Today, Nigeria is exporting, officially that is, only about 68% of the crude oil projected in the 2013 budget – which now in looking more like a mission impossible. Globally, most nations are experiencing weakening economic growth, especially China and the BRICS (Brazil, Russia, India, China and South Africa) – which had provided most of the global growth in the last twelve years. The developing nations which are growing faster than the advanced economies have not developed into consumers of Nigeria’s crude oil.
To add to our short-term woes, the United States, which even now, remains our biggest customer, has started exporting shale oil and increasing its domestic production of crude. Low demand from the US and other customers would ordinarily have resulted in a decline in crude oil revenue. Unfortunately, there are other problems.
Crude oil theft and vandalism have also contributed to lower revenue. The Federal government is faced with multiple problems with regard to vandalism. Pipe-line vandalism not only deprives the country of funds, it creates problems of environmental pollution which the nation must pay heavily to mitigate as well as security problems which claim funds and lives.
Altogether, the Federal government is in a tight corner which will call for the understanding and patience of the 36 states. The reason is not hard to discover; the Federal government itself is experiencing deep financial problems. As the Minister of State for Finance said, “We had shortages in revenue; so, the amount that we had statutorily reduced for the three tiers of government including the Federal Government”. What, Dr Yerima Ngama deliberately omitted is the fact that the revenue shortages will last for quite a while; may be, they will get worse.
What all these add up to is a long period of problems between the Federal and the states. Perhaps, no state government will receive anywhere near what was expected in January of this year. Unfortunately, few states have managed to mobilize the Internally Generated Revenue, IGR, to offset the short-fall from the Federal government.
Already, a number of states are already feeling the heat from their teachers who are demanding for the implementation of agreements reached with them at a time when few people could have foreseen the current shortfall in crude oil revenue. Teachers are not the only states employees who might be protesting unpaid salaries very soon. The unpaid arrears might soon affect other staff whose salaries might be delayed from now on.
Realising the seriousness of the problem, the Federal government had established a re-conciliation committee to resolve some of the issues involved. The committee, headed by Governor Isa Yuguda of Bauchi State, a former Managing Director of a bank, would ordinarily be expected to receive the support of the governors of other states.

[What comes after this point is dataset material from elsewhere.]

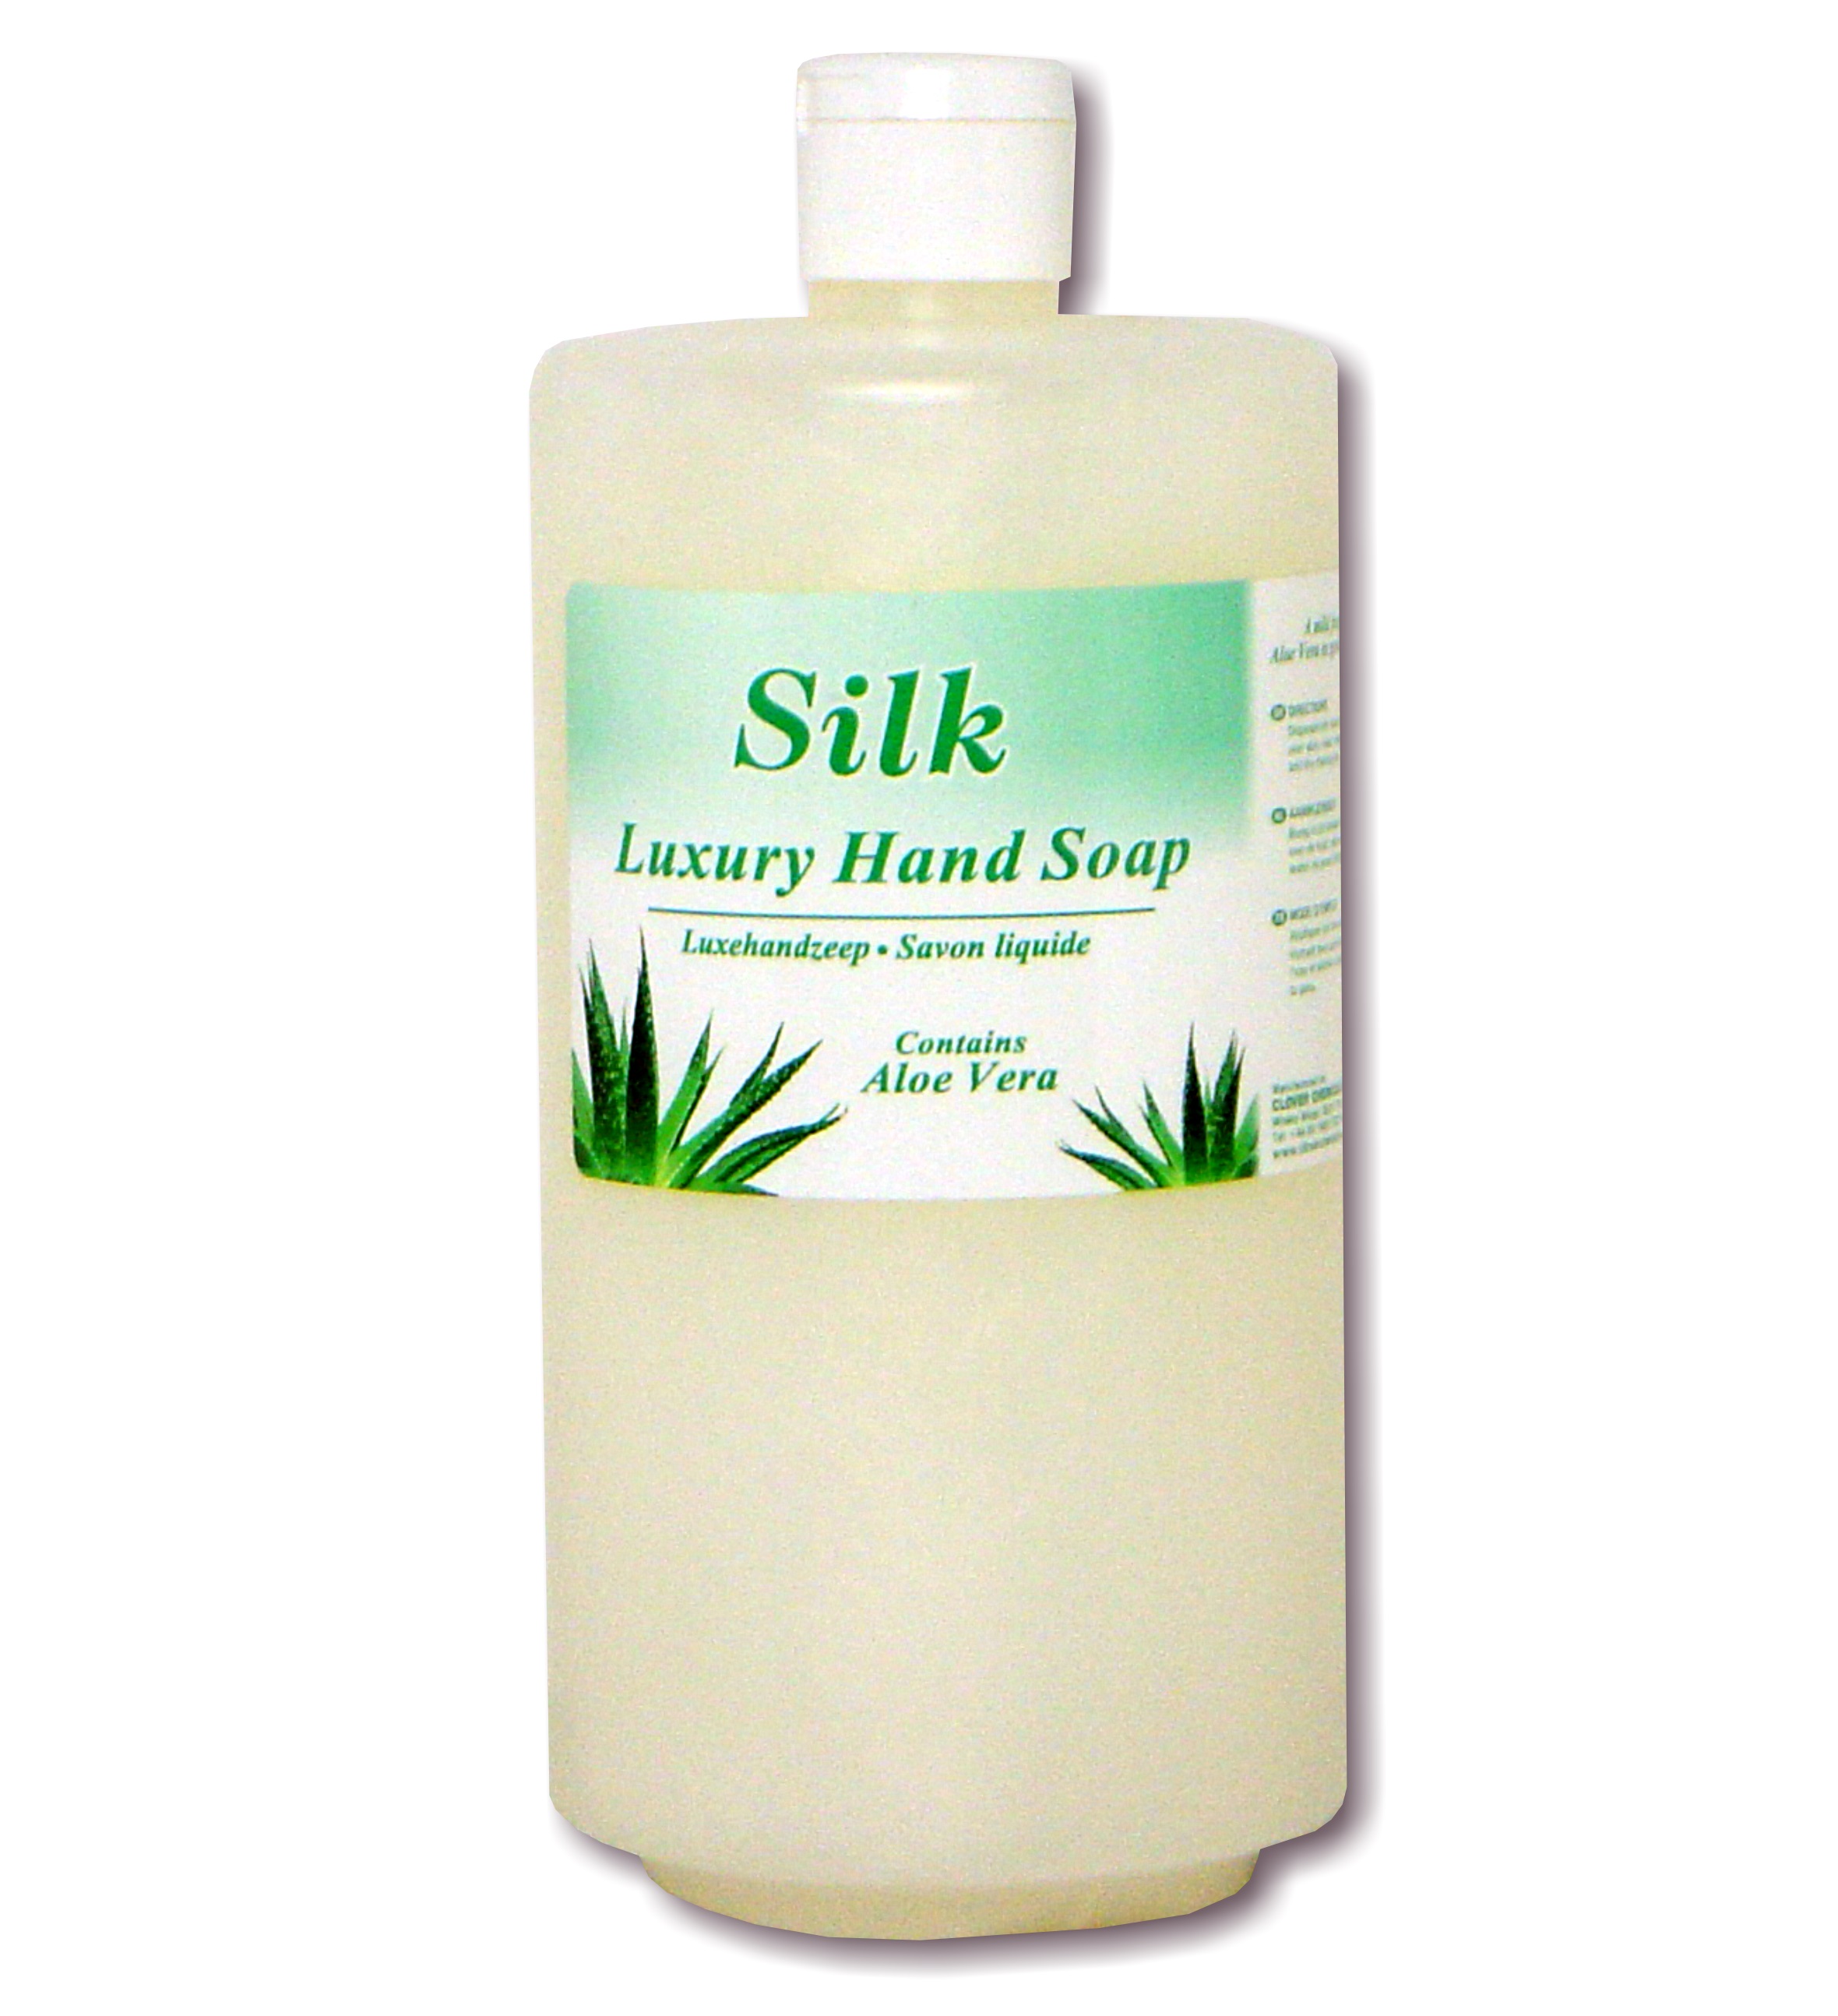 SILK-Luxury-Hand-Soap-with-Aloe-Vera-8x750ml--case-

However, the recent break-up of the Nigeria Governors’ Forum could mean that Yuguda might fail to receive the co-operation from some of his colleagues which is vital for the reconciliation process to succeed.
Among the collateral damages which we can expect from the current situation is a halt to further allocation of funds to the Sovereign Wealth Fund, SWF, which involves saving some of the excess crude revenue against any future drastic drop in crude oil income.

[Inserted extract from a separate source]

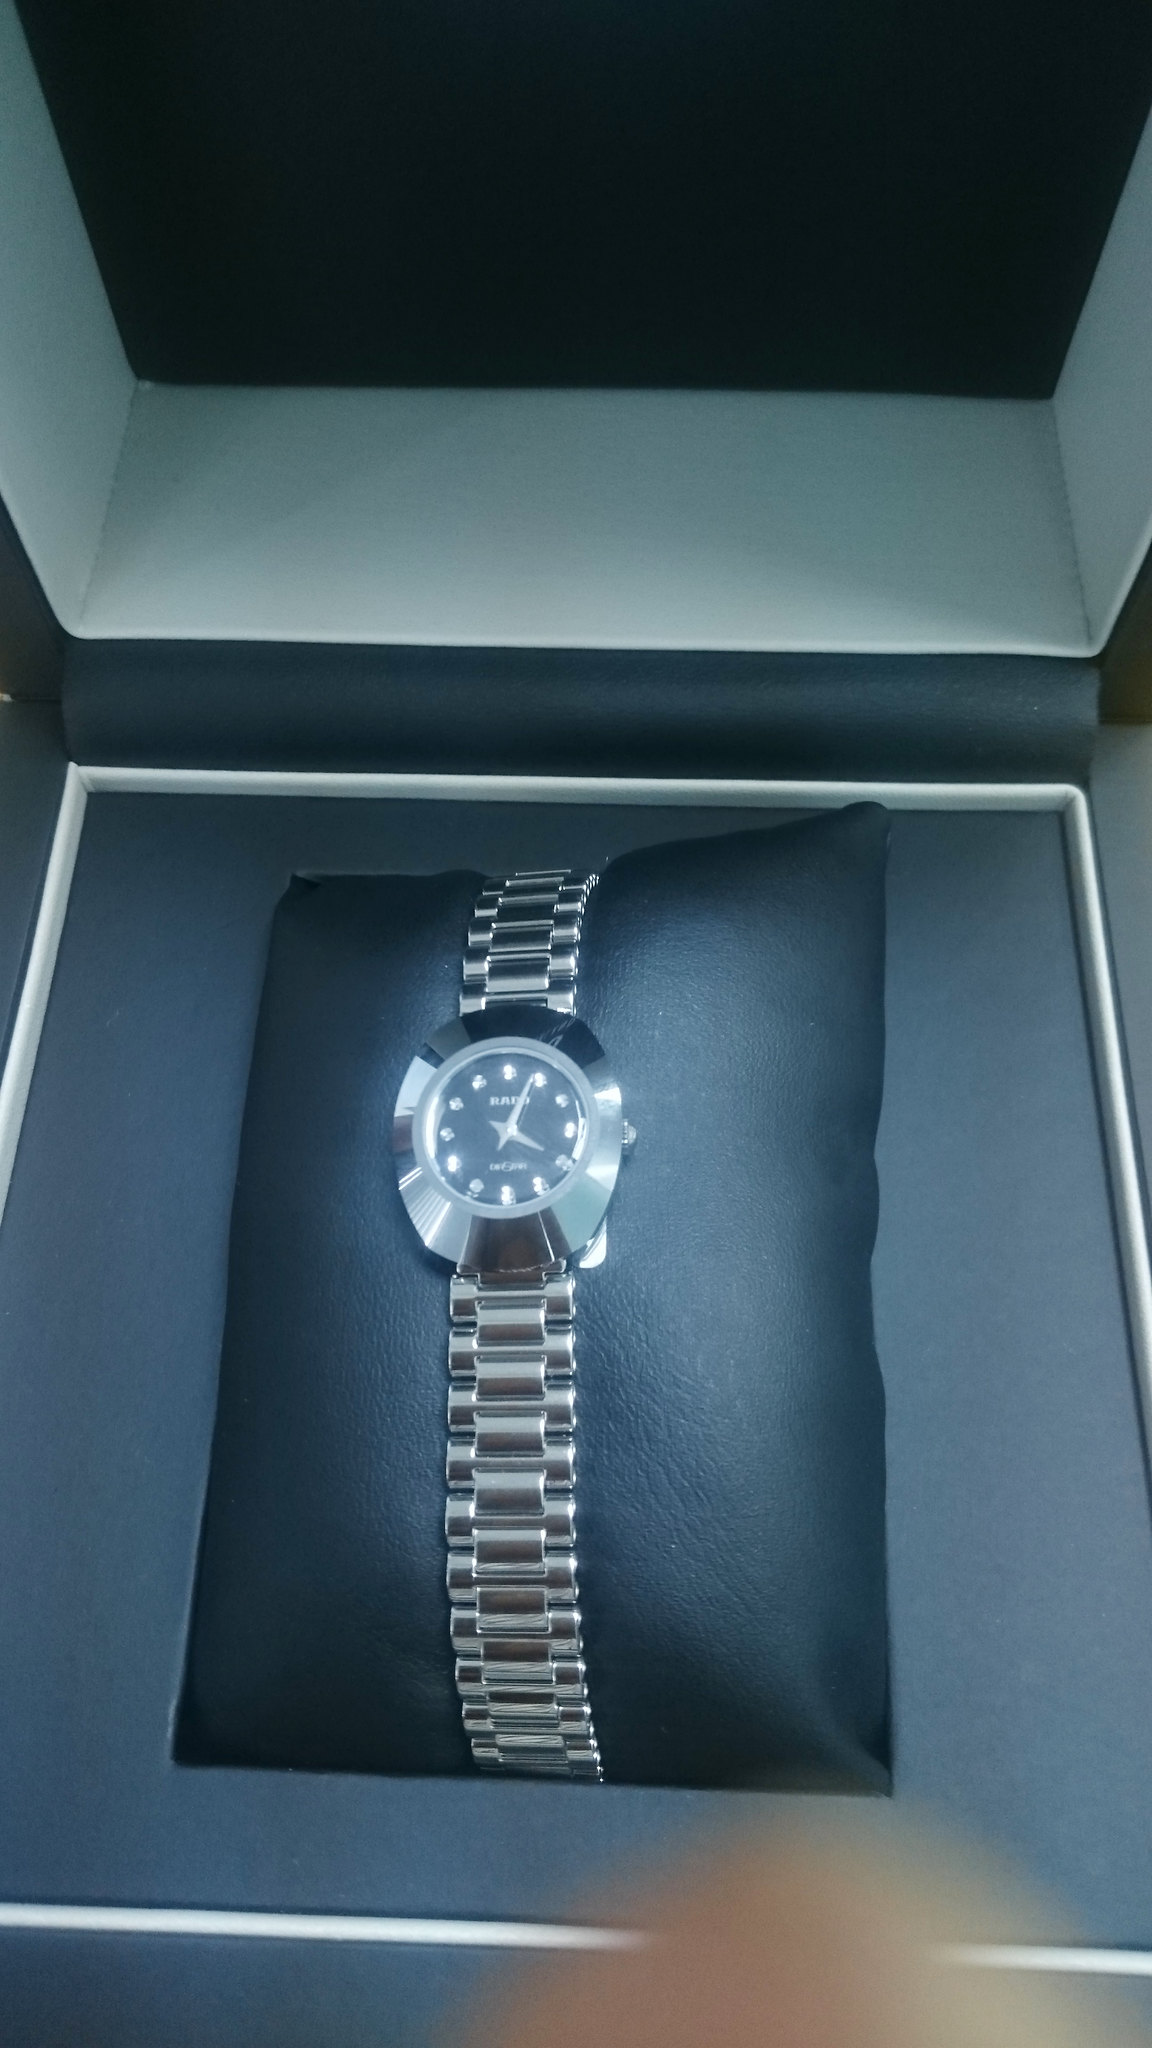 Bán đồng hồ Rado Diastar Original Watch cho nữ - 4

While, the price of crude continues to exceed the benchmark of $75 per barrel, the aggregate revenue falls far short of the projections. Right now, Nigeria’s crude sells at over $102 per barrel; that is 33% over the benchmark. But, shipments are down more than 36%.
Left to the Minister of Finance, Dr Ngozi Okonjo-Iweala, the nation should still set aside some money to grow the SWF. At the moment, most governors are unlikely to support further investment in SWF; if not because the funds are needed to implement their own plans, but, perhaps, because some no longer regard Yuguda as a colleague.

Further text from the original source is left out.